本丸を四方に望み花の昼
春暑し本丸上る人の波
夕日さし松に桜や霞城
春の山かなたは相馬洗心亭
城の内日影の井戸や落椿
安達太良の連なる山々春の夕
夕風に落椿あまた城の内
霞城松に桜に夕日かな
三三五五花見絶えじや夕日かな
十万石城に映えにし桜かな
小浜城訪ぬ人あれ夕桜
二本松相馬を結ぶ道ありて城に桜や春日入るかな
津島より二本松への道のり遠しバスに揺られて春の日行きぬ
合戦の枝垂桜や阿武隈の山中深く古りにけるかな
夕風に城の桜の騒ぐとも松は静かに白壁に映ゆ
春うらら二本松は遠くともその道のりに桜咲きつぐ
二本松へ桜咲きつぐ道のりやバスに揺られて遅くともよし
満開の桜に映えゆ百輪の椿は風にゆすらる夕べ
本丸の石垣の反り厳しかな春の陽眩し安達太良に没る
本丸に我が上りつつ安達太良をまじかに仰ぎ春の日の没る
夕風に桜騒ぎて二本松少年隊の急ぎ散るかな
(小浜城)
小浜城興亡ありて埋もるかな過ぎゆくしばし春の夕暮
二本松田村相馬とせめぎ合う小浜城跡春日入るかな
小浜城政宗ここに一時を城主とあれや桜咲き散る
小浜城戦乱の日々あわれかな変わる城主や花咲き散りぬ
二本松までの道のりは長かった。

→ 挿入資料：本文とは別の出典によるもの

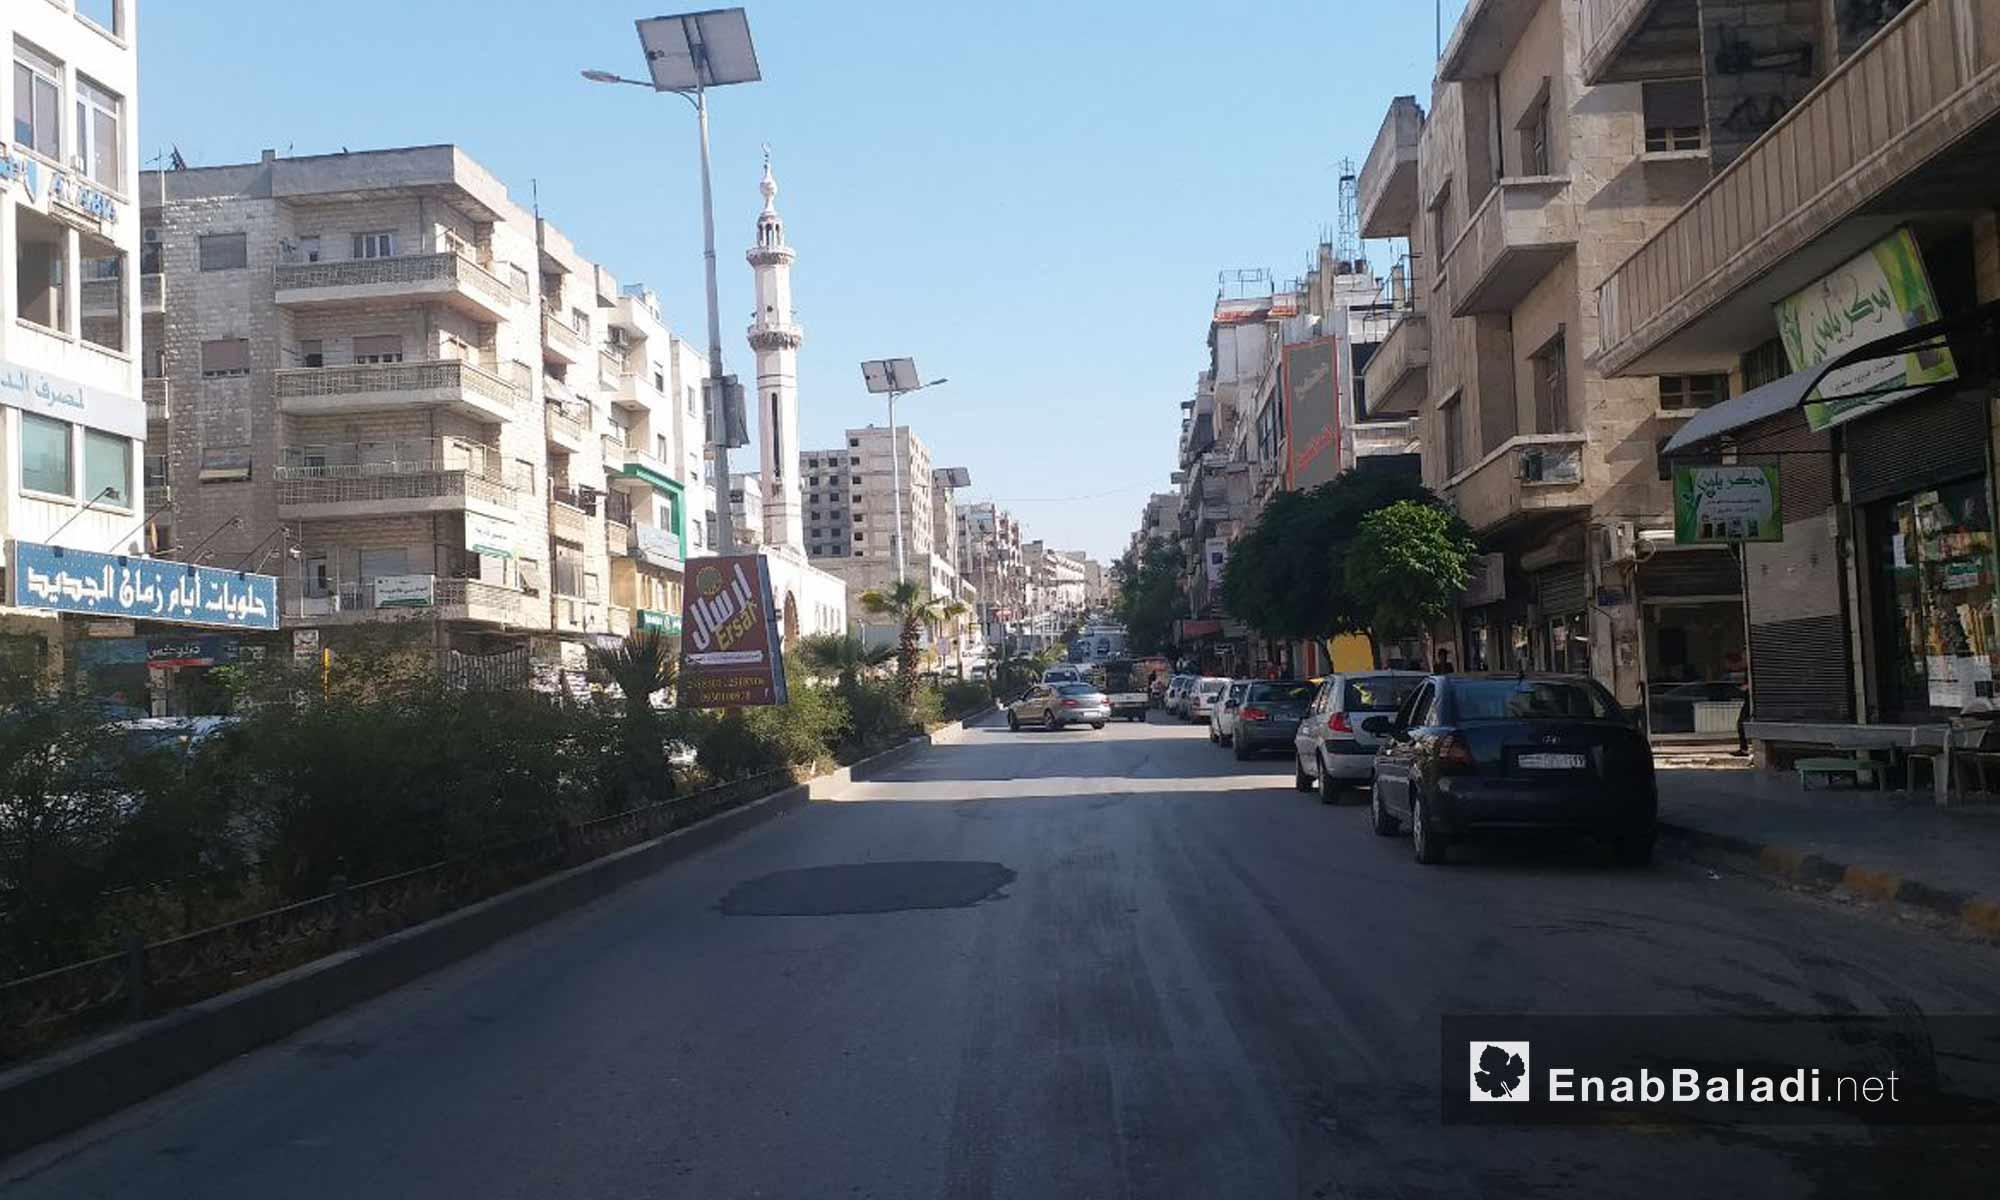 Al-Alamain street in Hama city – May 18, 2019 (Enab Baladi)

一時間半以上かかった。くねくねした山の道を行き、桜がどこまでも咲いていた。もっとゆっくりでも良かった。バイクとかでもただ飛ばすだけである。ゆっくりと見る時間が必要である。でも今の時代バスは遅いのだろう。バスはすでにスピ-ド時代にあわなくなっている。もしかしたら津島からのバスもなくなるのかもしれない、あそこも四五人だけではやっていけないだろう。二本松に着いたのは三時過ぎだった。まもなく夕暮れになった。安達太良山という山はない、安達太良連峰であり一つ一つの山の連なりを安達太良なのである。安達太良を背景にして二本松の城は映える。やはり桜の時期が一番映える。途中の小浜城も城であり若い政宗がここの城主となった。田村や相馬や会津まで加わりせめぎ合いの場となった。最後は会津の蒲生氏郷が治めたという、この城をめぐって興亡があった。今回の二本松は夕べになり風が吹き満開の桜をゆすった。桜は咲いたら散っている。静心なく花の散るらむ・・である。静に咲いている暇がないのが桜なのだ。そのように急ぎ散ったのが二本松少年隊であり戦争で死んだ学徒とか特攻隊であった。やはり゛桜は日本を象徴する花である。写真はいいのがとれなかった。前にとったのでいいのがあった。自分でもこれをどこからとったのか覚えていない、でも構図としては決まっている。こういうふうに一部ではない全体をとる写真はむずかしい。去年きたときはすでに桜は散っていた。桜は散る時もまたいいからう一回行ってもいい、二本松の桜はやはり福島県では一番いいような気がする。